As president, he will represent the state's physicians before the legislature, and anticipates it will be a demanding responsibility. He listed five key issues he plans to focus on. The first is tort reform, which would mean lobbying in favor of a malpractice reform legislation he hopes will be introduced and against attempts to water down a "certificate of merit" requirement that is a kind of pre-trial test of malpractice cases.

He also wants to keep attention focused on the need to fix the sustainable growth rate formula for Medicare rates, and to raise Medicaid reimbursement rates so they're closer to Medicare rates. Currently, he said, the rates are so low - about 20 percent of what a physician would be paid for the same service under Medicare - that many physicians opt not to take Medicaid patients, increasing the burden on those who do. He also plans to lobby on behalf of reforming antitrust laws that he said place unnecessary constraints on physicians.

"I'll get involved with anything that's health care related," he said.

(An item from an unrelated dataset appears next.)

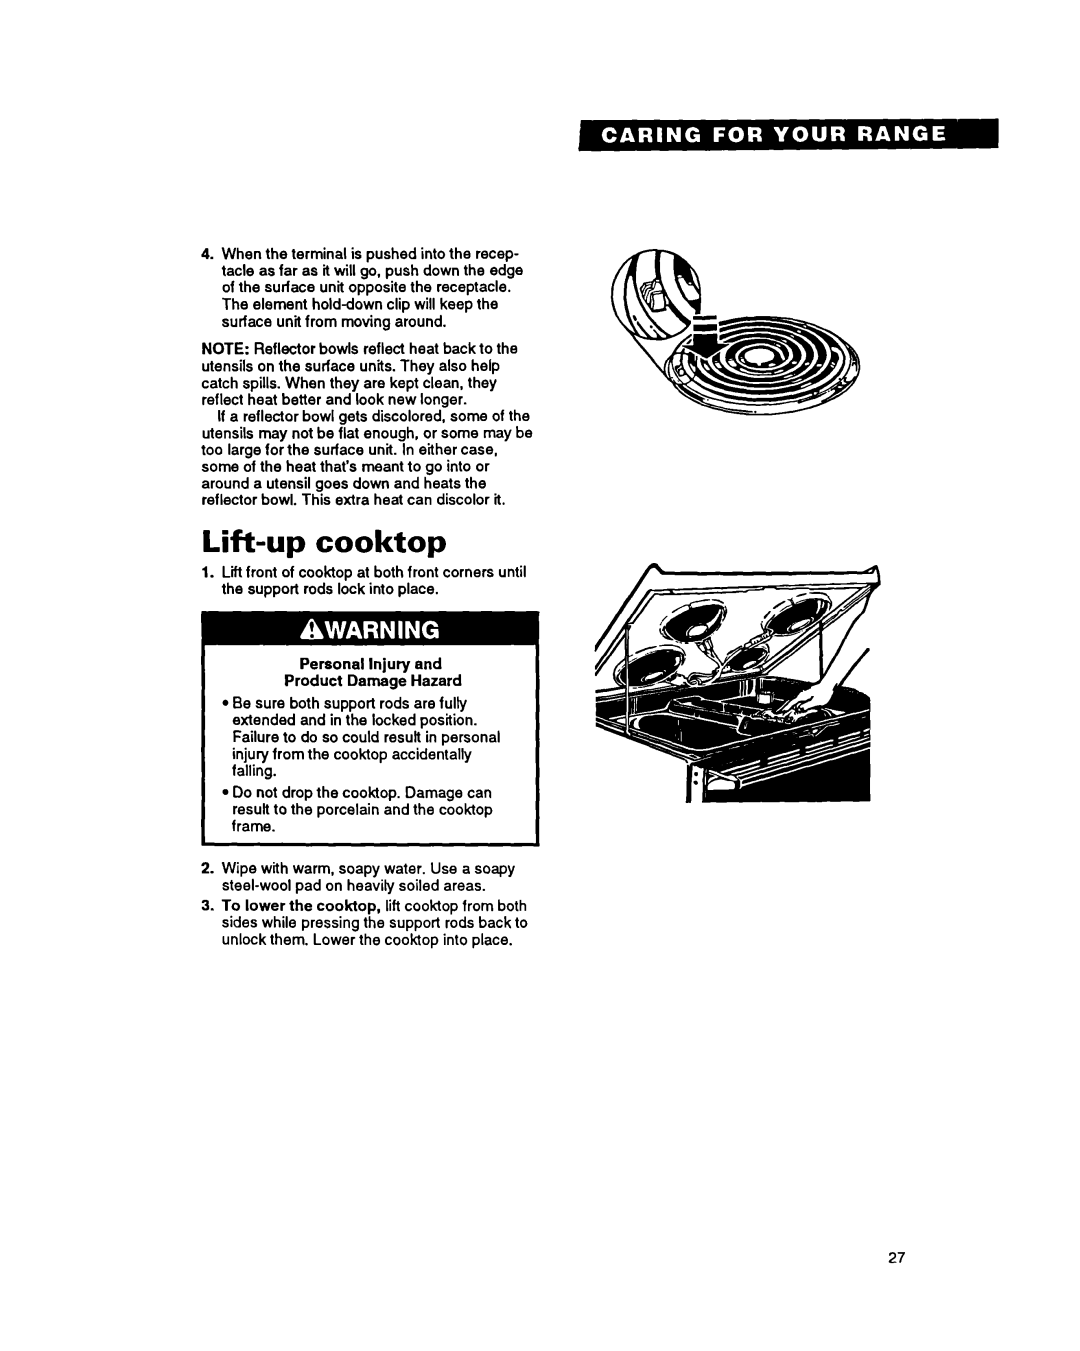 Whirlpool FES340Y important safety instructions Lift-upcooktop

The fifth issue is a longstanding personal interest for him and his wife. The couple volunteers with groups that work against domestic violence. Now, Foley would like to get the medical society involved in supporting programs of the Connecticut Coalition Against Domestic Violence, and re-emphasizing physicians' roles in directing patients who are victims into assistance programs.

He also anticipates being involved in monitoring the state's creation of the health insurance exchange as the federal Affordable Care Act is implemented. Foley said he is supportive of the work of an affiliated group, the Connecticut State Medical Society Independent Practice Association, in creating a new nonprofit insurance offering, HealthyCT.

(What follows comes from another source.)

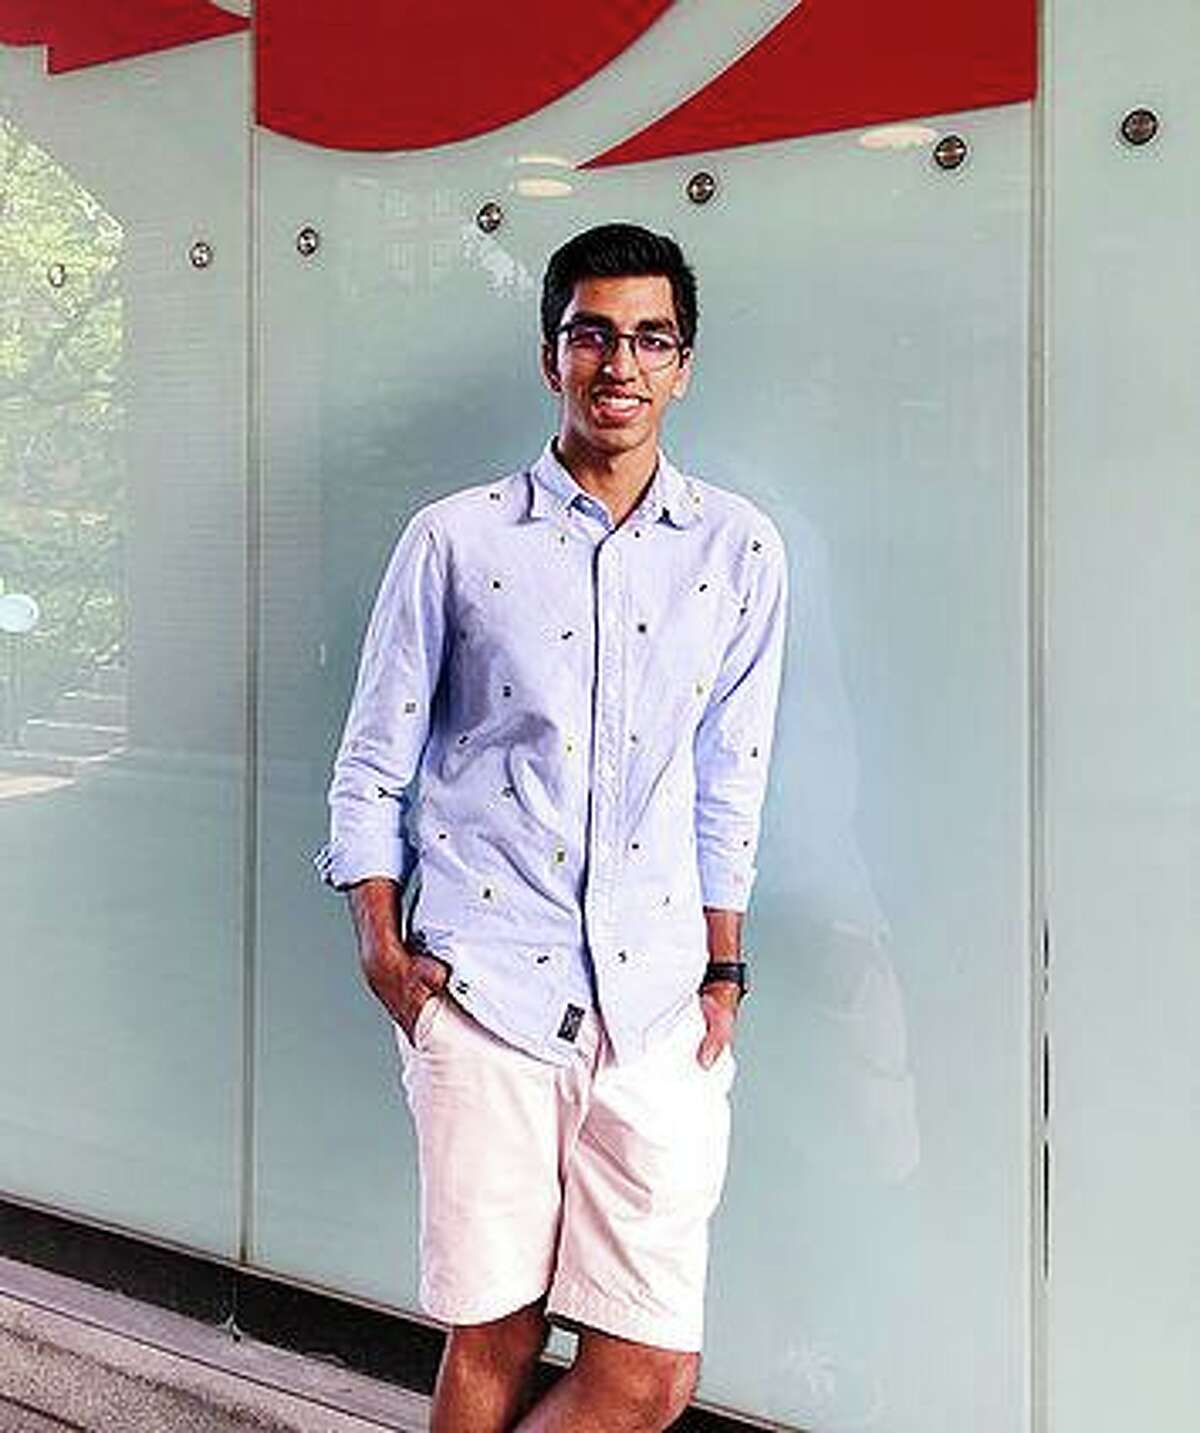 Siddharth Jain, a Shelton High senior, is collecting old iPads, iPhones, Samsung Tablets or other camera-enabled electronics to donate to senior citizens and health care facilities.

"I'm excited about it," he said. "I'm hopeful that it will be an insurance product that competes with what's in the market and is high quality."

Taking on the role of president of the medical society might seem like an unwieldy challenge for a physician with an already full schedule. Foley, however, believes it's necessary that he and other doctors make the time to get involved.

His message to fellow physicians is this: "If not us, then who? If not now, then when?"